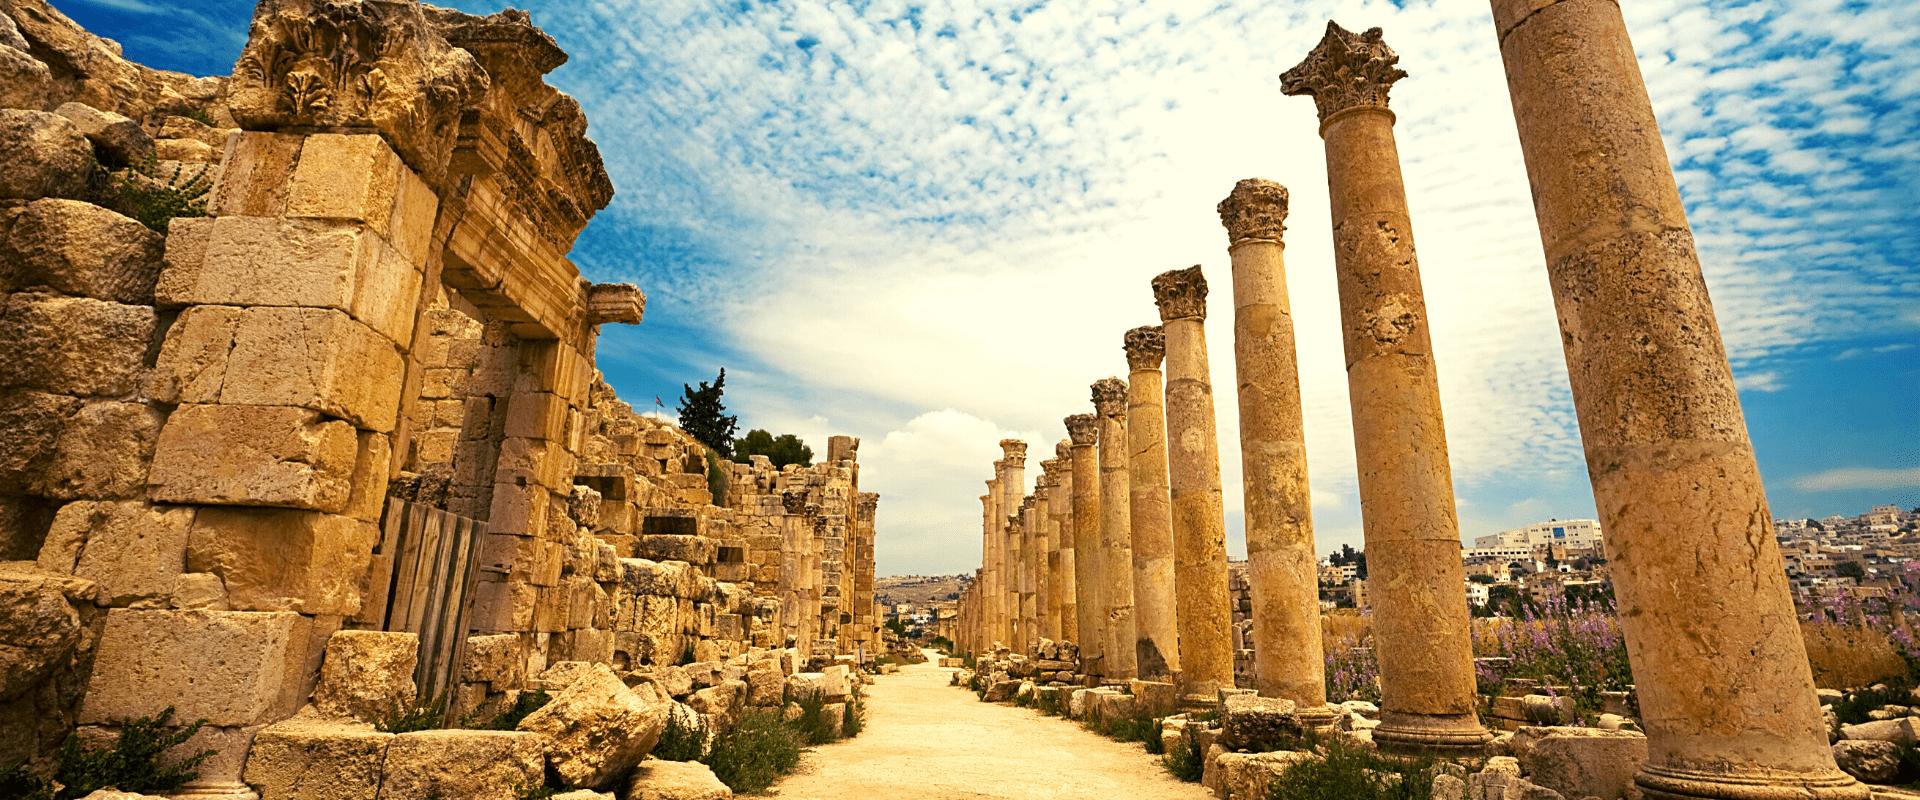 Heartland of Israel Tour
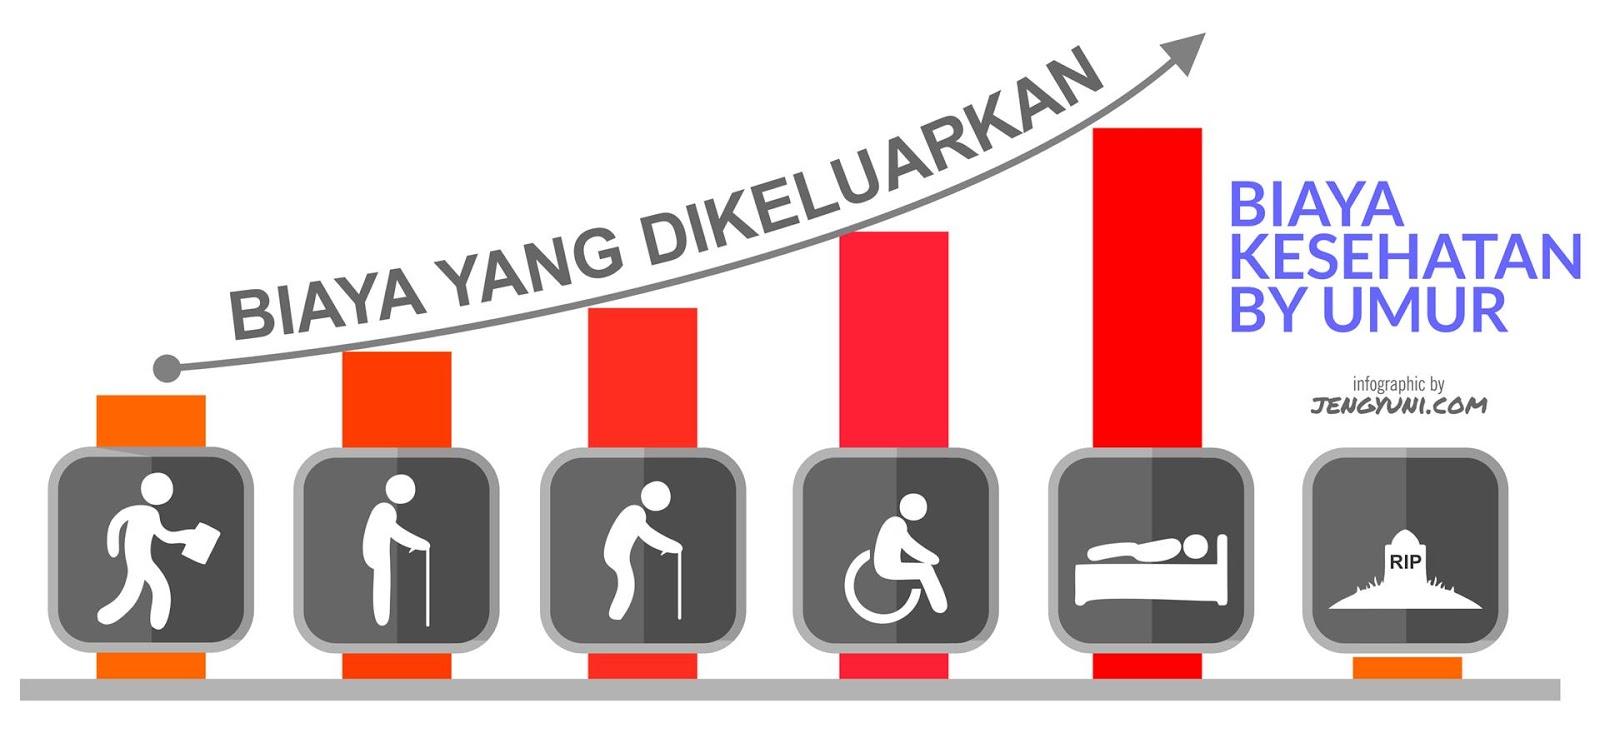 Biaya Kesehatan by umur - yuk atur uangmu
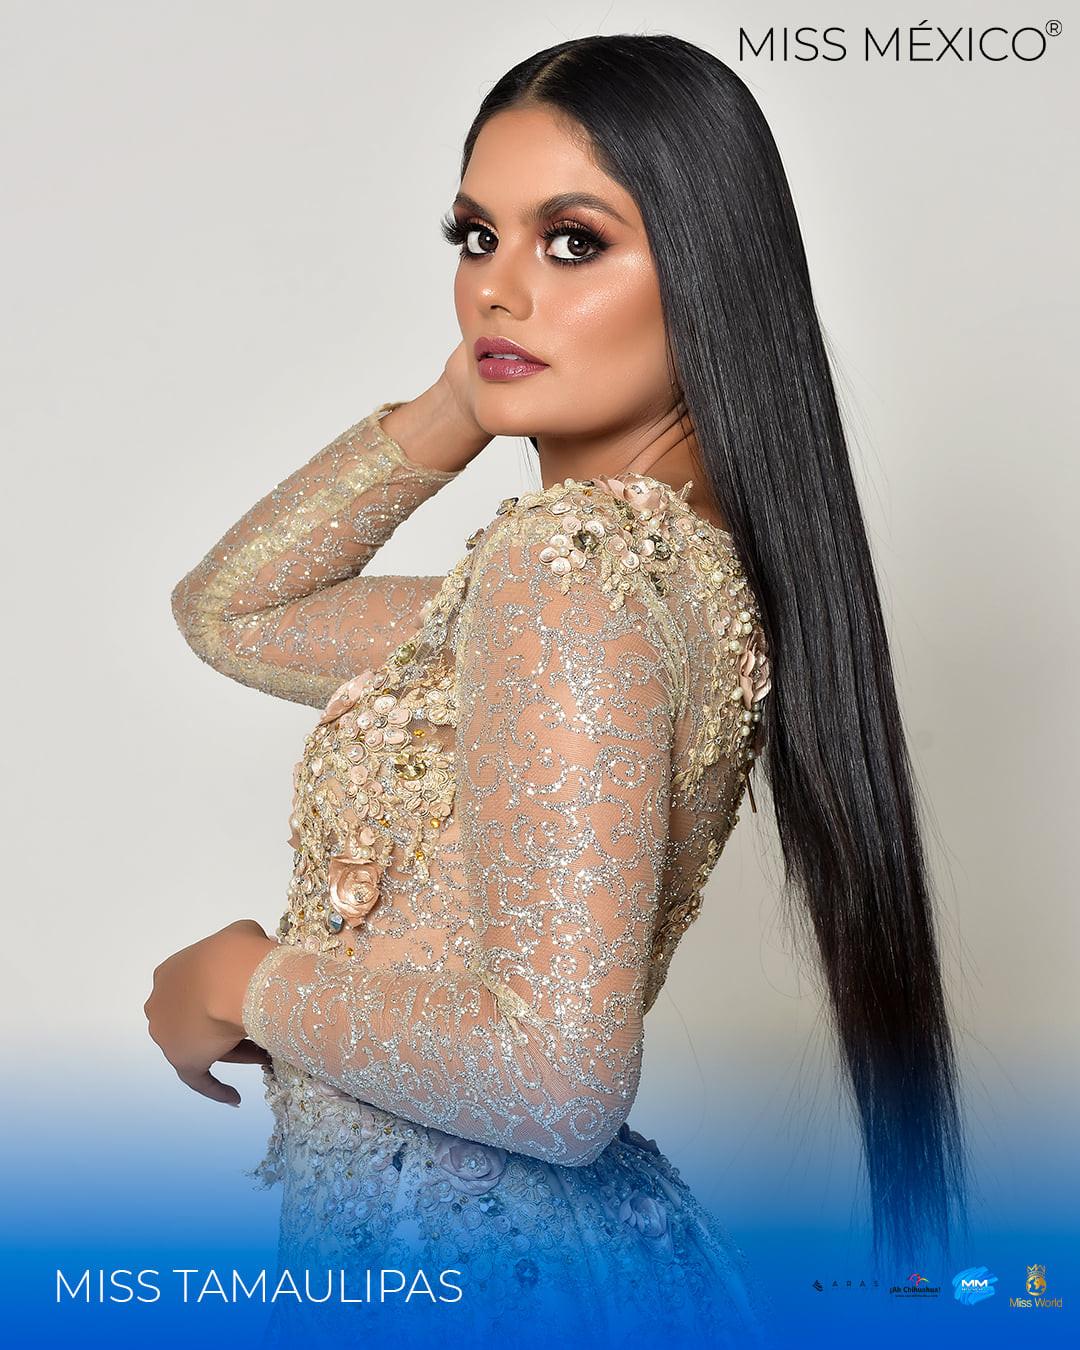 candidatas a miss mexico 2021, final: 3 july. - Página 13 Bm74J2

--- What to work on ---
Where a picture appears in the material above, skip it, and print the rest exactly.

--- Response ---
 Heartland of Israel Tour
 Biaya Kesehatan by umur - yuk atur uangmu
 candidatas a miss mexico 2021, final: 3 july. - Página 13 Bm74J2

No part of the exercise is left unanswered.